I have the proverbial friend-of-a-friend who is contemplating a job change. The person is a long-time airline employee, who apparently worked as a reservations agent. This person knew the old-fashioned airline reservations system, complete with its arcane codes and complex database pathways inside out and backwards, able to work wonders for passengers with complex itineraries, challenging connections and unique needs.

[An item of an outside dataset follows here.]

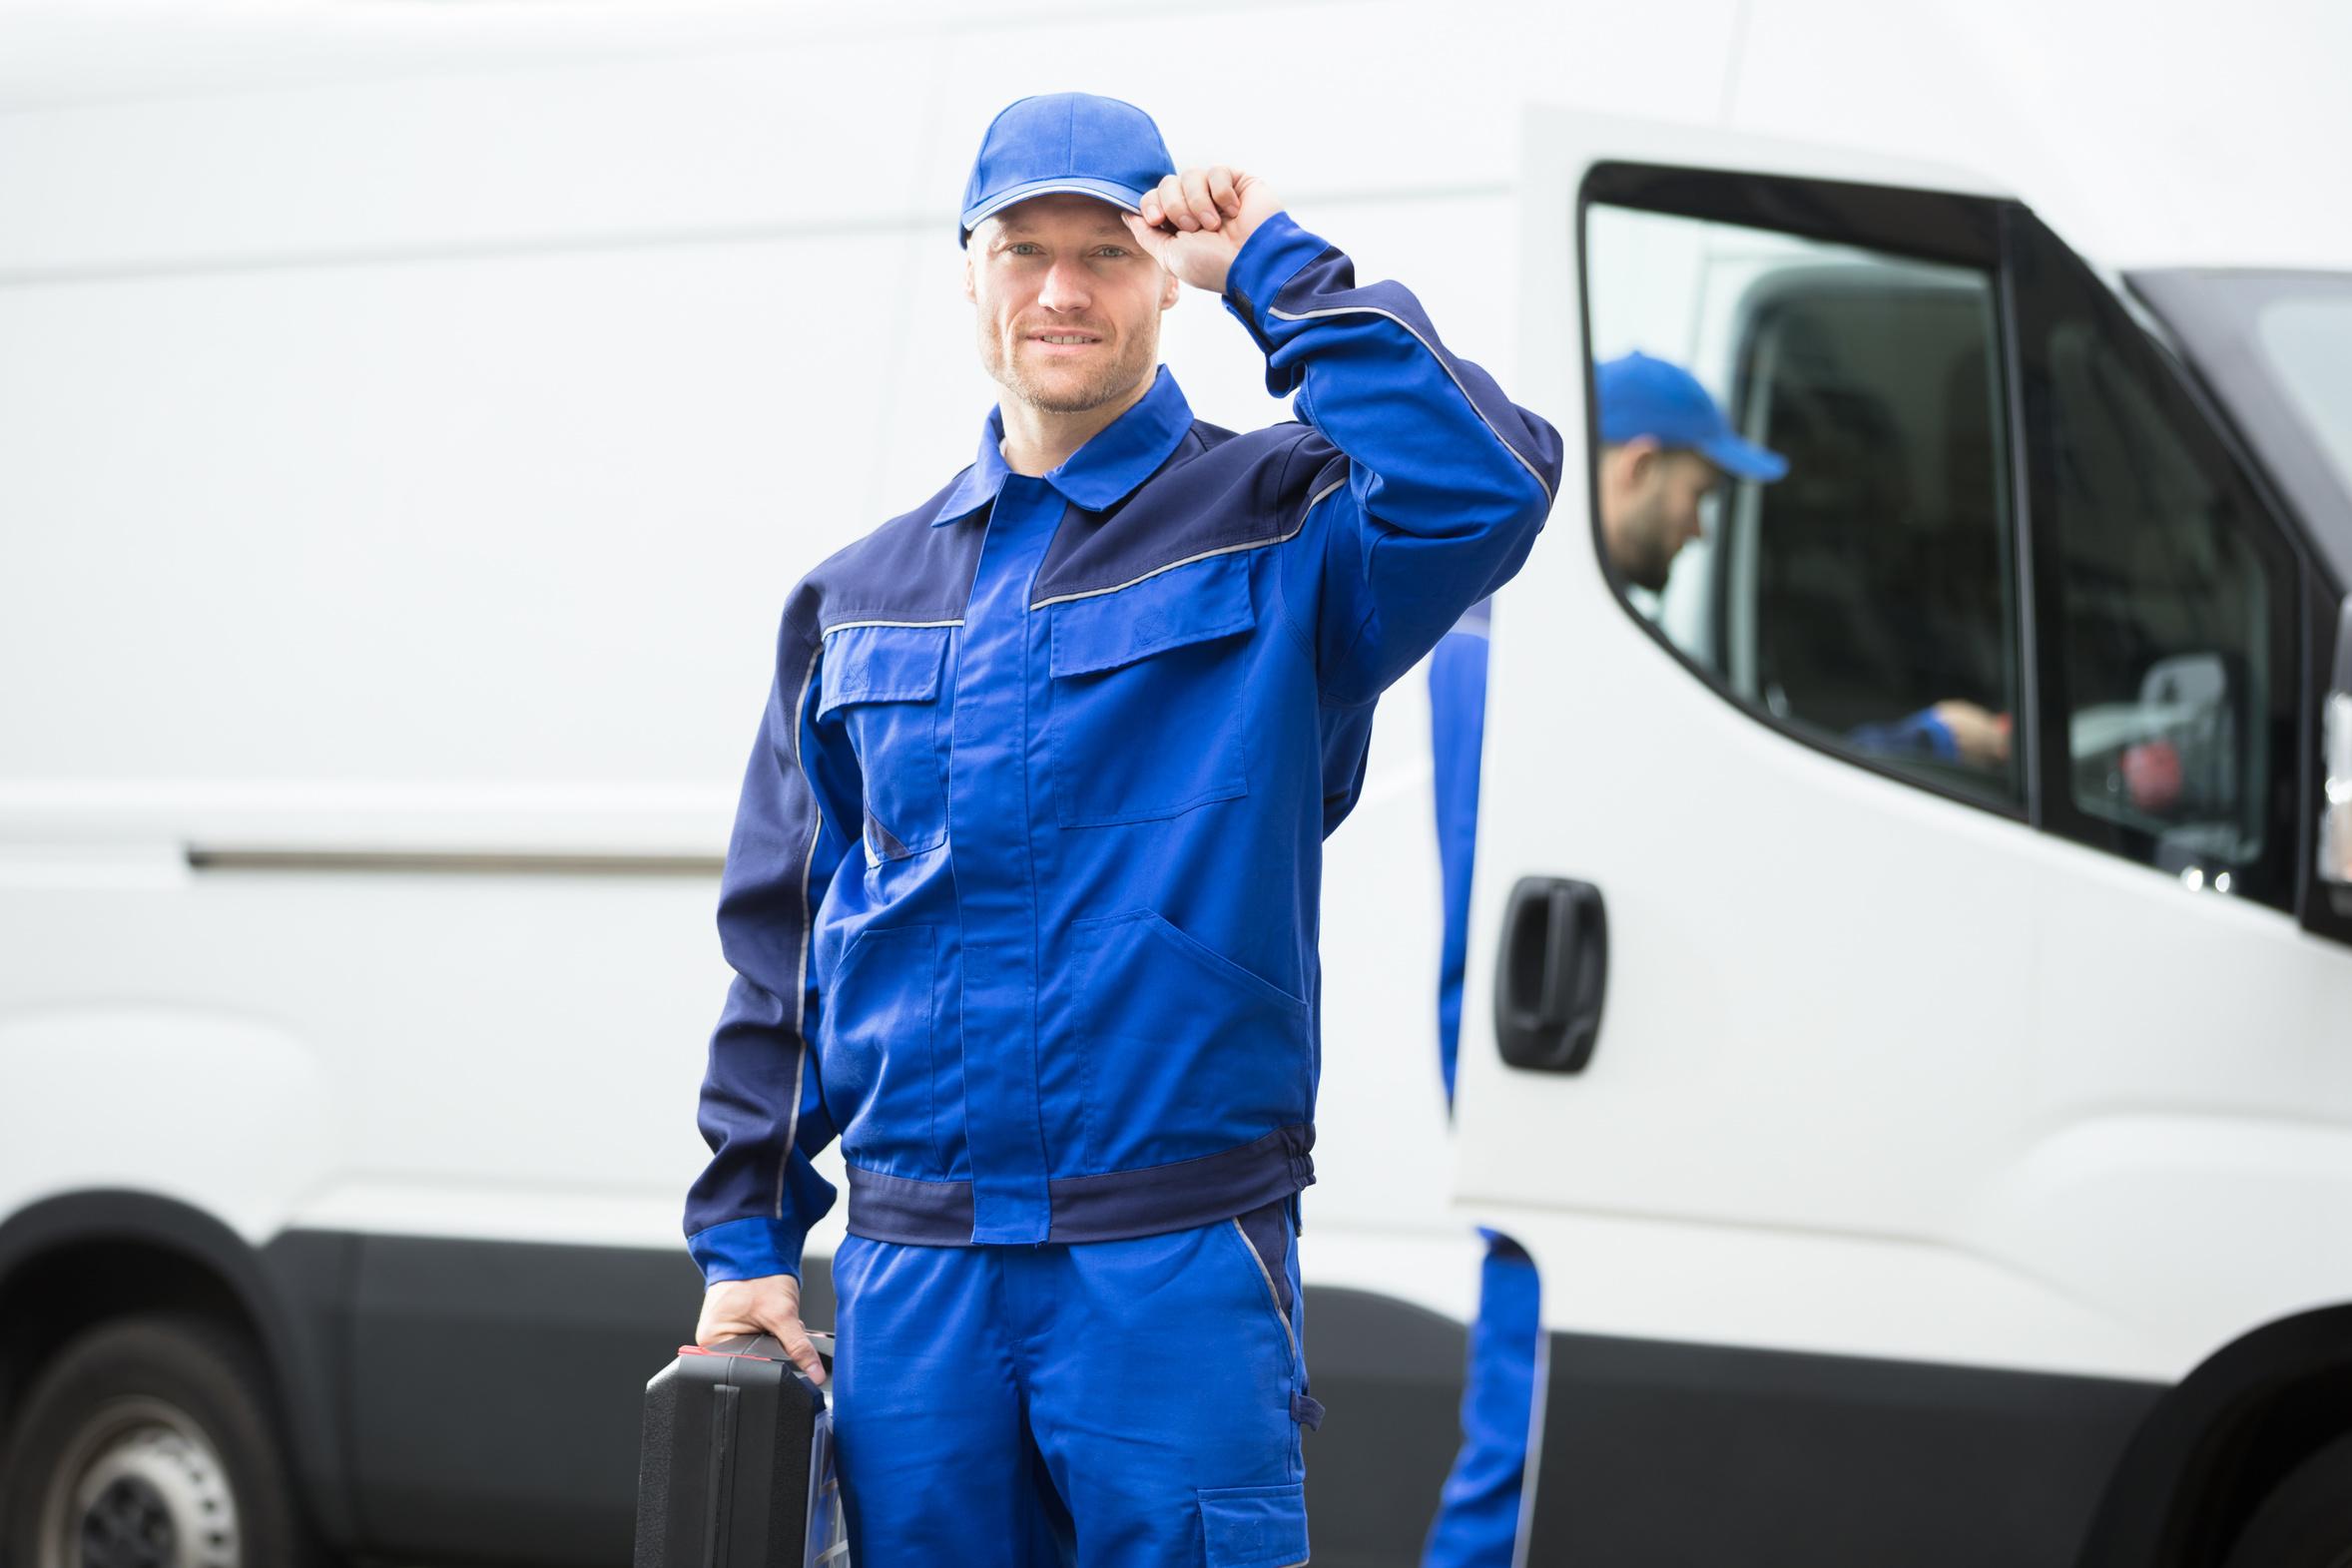 Ein Mann in dunkler Arbeitsjacke fasst sich grüßend an seine Schirmmütze. Im Hintergrund steht ein zweiter Monteur an einem geöffneten Kleintransporter.

Turns out that the person went to one of those career testing centres – the ones that test for aptitude and skill – with the hope of being given some guidance as to what would be the right career move to make. (Given the turmoil in airlines like Air Canada, and the challenges facing the industry in general, any move might indeed be the right move.) The testing showed that the person had an aptitude for the sort of logic that such a mentally-demanding job of juggling a reservations system would demand. From the testing, a number of possibilities that would capitalize on those learned skills were suggested.
What’s wrong with this rather simplistic, linear and deterministic picture? (Oops! Gave it away…)
Over the many years that the person has been an employee of the airline, the tasks of the job would have undoubtedly had an effect on the person’s cognitive abilities that would give preference to jobs that were analogous to reservations agent, at least with respect to skills. Hence, the “career testing” – usually skills and attributes based – would have given high marks for the sort of instrumental tasks that a job of, say, billing coder, would demand. This means that the person may be skilled for that job; it does not necessarily suggest that the person is suited for that job.
Suppose the person is motivated by such technical intricacies that a coding system demands. A job of billing coder, among many others, might well be a viable, satisfying alternative. If, on the other hand, the person is motivated by a type of “heroics” in response to confused or distraught passengers, the ability to work the magic of the reservation systems via the intricate codes is simply a means to an end, and would not be motivating in and of itself. Remember, by taking a “Role* view” of the employment world, it isn’t what you do that counts as much as the interactions and dynamics you create while doing it.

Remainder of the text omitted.